I reached the sets at sharp 7 a.m next morning as the shoot was planned in the early hours in the morning. Surprisingly all the members of the unit were already there, I really loved to work with this kind of production houses which were so professional in their approach and who valued people’s time.

My eyes were searching for Sameer everywhere, He might not have woken up, I muttered to myself.



Should I wake him up? I demanded his presence on the sets.

How can he be not there when I am there? I began to feel uneasy as there was no sight of him. I wanted to hug him tightly, how dare he leave me alone at this hour.

Has he stopped loving me? Wait, when did he say that he loved me? Never, he never said it.  Then what was that, the kiss in the car, his lips touching mine, his soul touching mine, the moment when I surrendered my body to him. We could have gone to another level that day but…..

Why am I thinking about that day? When he touched me, why didn’t I revolt, where is he now? Why can’t I meet him again? Why can’t we be together for some time again? I am not asking for lifetime but for some days or may be months or year or so?

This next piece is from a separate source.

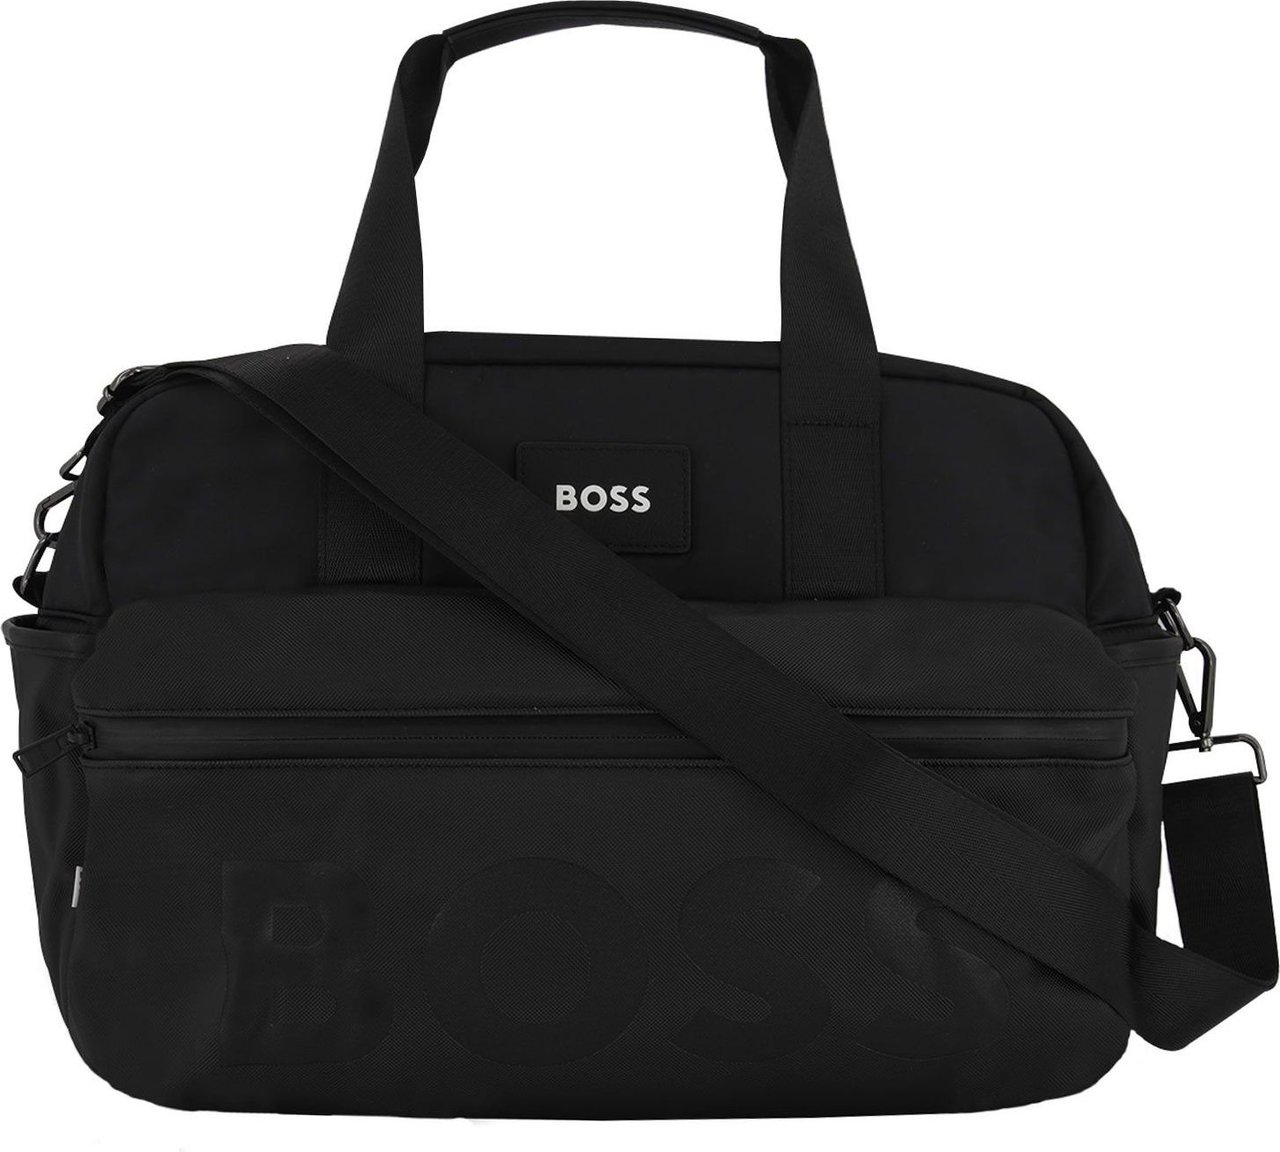 Hugo Boss Boss J90274 luiertas zwart Zwart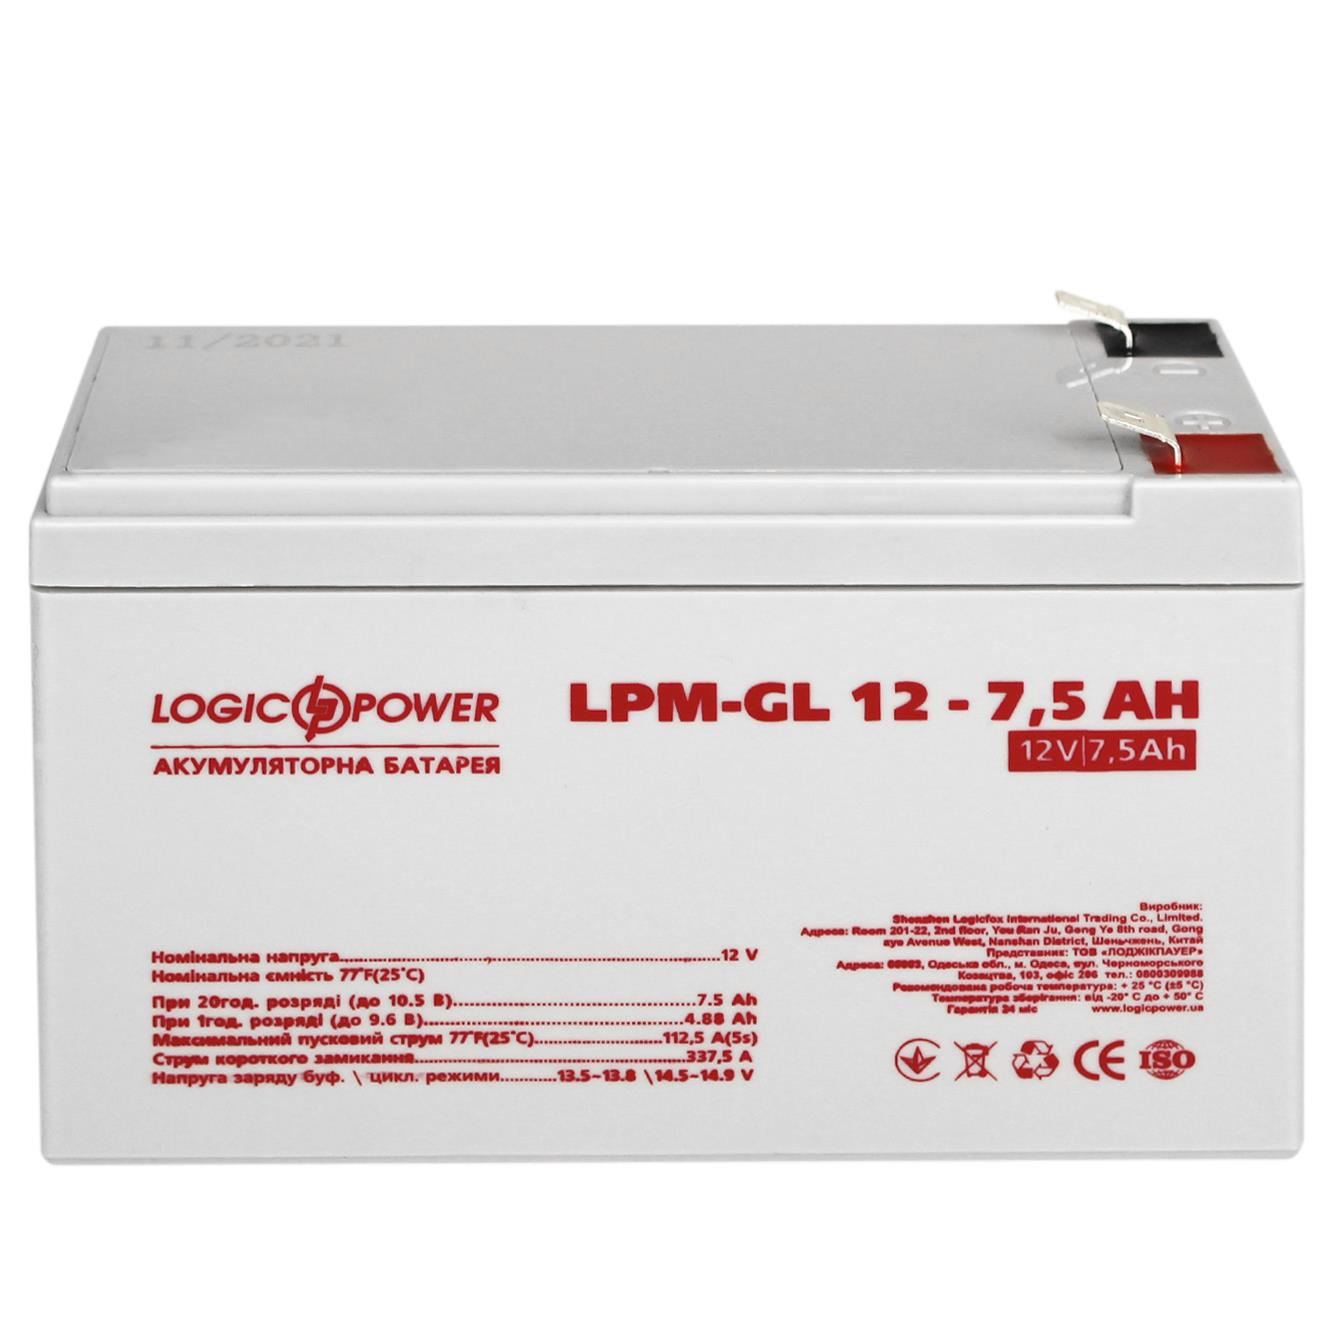 Аккумулятор гелевый LogicPower LPM-GL 12V - 7.5 Ah (6562) отзывы - изображения 5

My mind was crowded with his thoughts only, I heard a shout out from the director…

Shalini, Shalini , have you rehearsed your lines? He demanded, Oh fish, I hadn’t rehearsed. Lost in thoughts, I apologized to him and promised to be ready in 15 minutes.

Then I saw Sameer, he was sitting with the cameraman explaining him the shots to be taken.

Without thinking much I started running towards him, without caring what people will think , I was running. He was food for my soul, he was the only one who could understand me, only one with whom I was comfortable, only one whom I wanted to love.



Sameer, Sameer, where were you? I have been looking for you since morning, you didn’t call me, I tried your number, and how could you do this? I just started shouting at him.

He should have woken me up in the morning or we should have woken up together…

“Are my phone is in repair shop, accidentally it stopped working yesterday night”, he was in awe of my shouting tone at him. He started smiling.

Why are you smiling? I was cruel.

“You look gorgeous in this black dress, and it’s looking good on you, sleeveless and long earrings. His eyes had a sparkle.

I melted. I forgot what to say, he had powers in him to control me, control my emotions. I was not angry at him now. I looked at myself, this short black dress I had recently bought, it was till my knees. I had imagined that Sameer will like it. My bare legs started to play with each other.

“Let’s go in the vanity van , I want to talk to you, he winked at my long earrings.

I sensed something; he had told me the magic long earrings do to him. What was he up to, what were his plans? I wanted to know everything then and there. Was he again going to kiss me?

No, No, this is not right, I told myself. This is wrong, how can a stranger kiss me twice? I have not given anyone the right to touch me without my consent.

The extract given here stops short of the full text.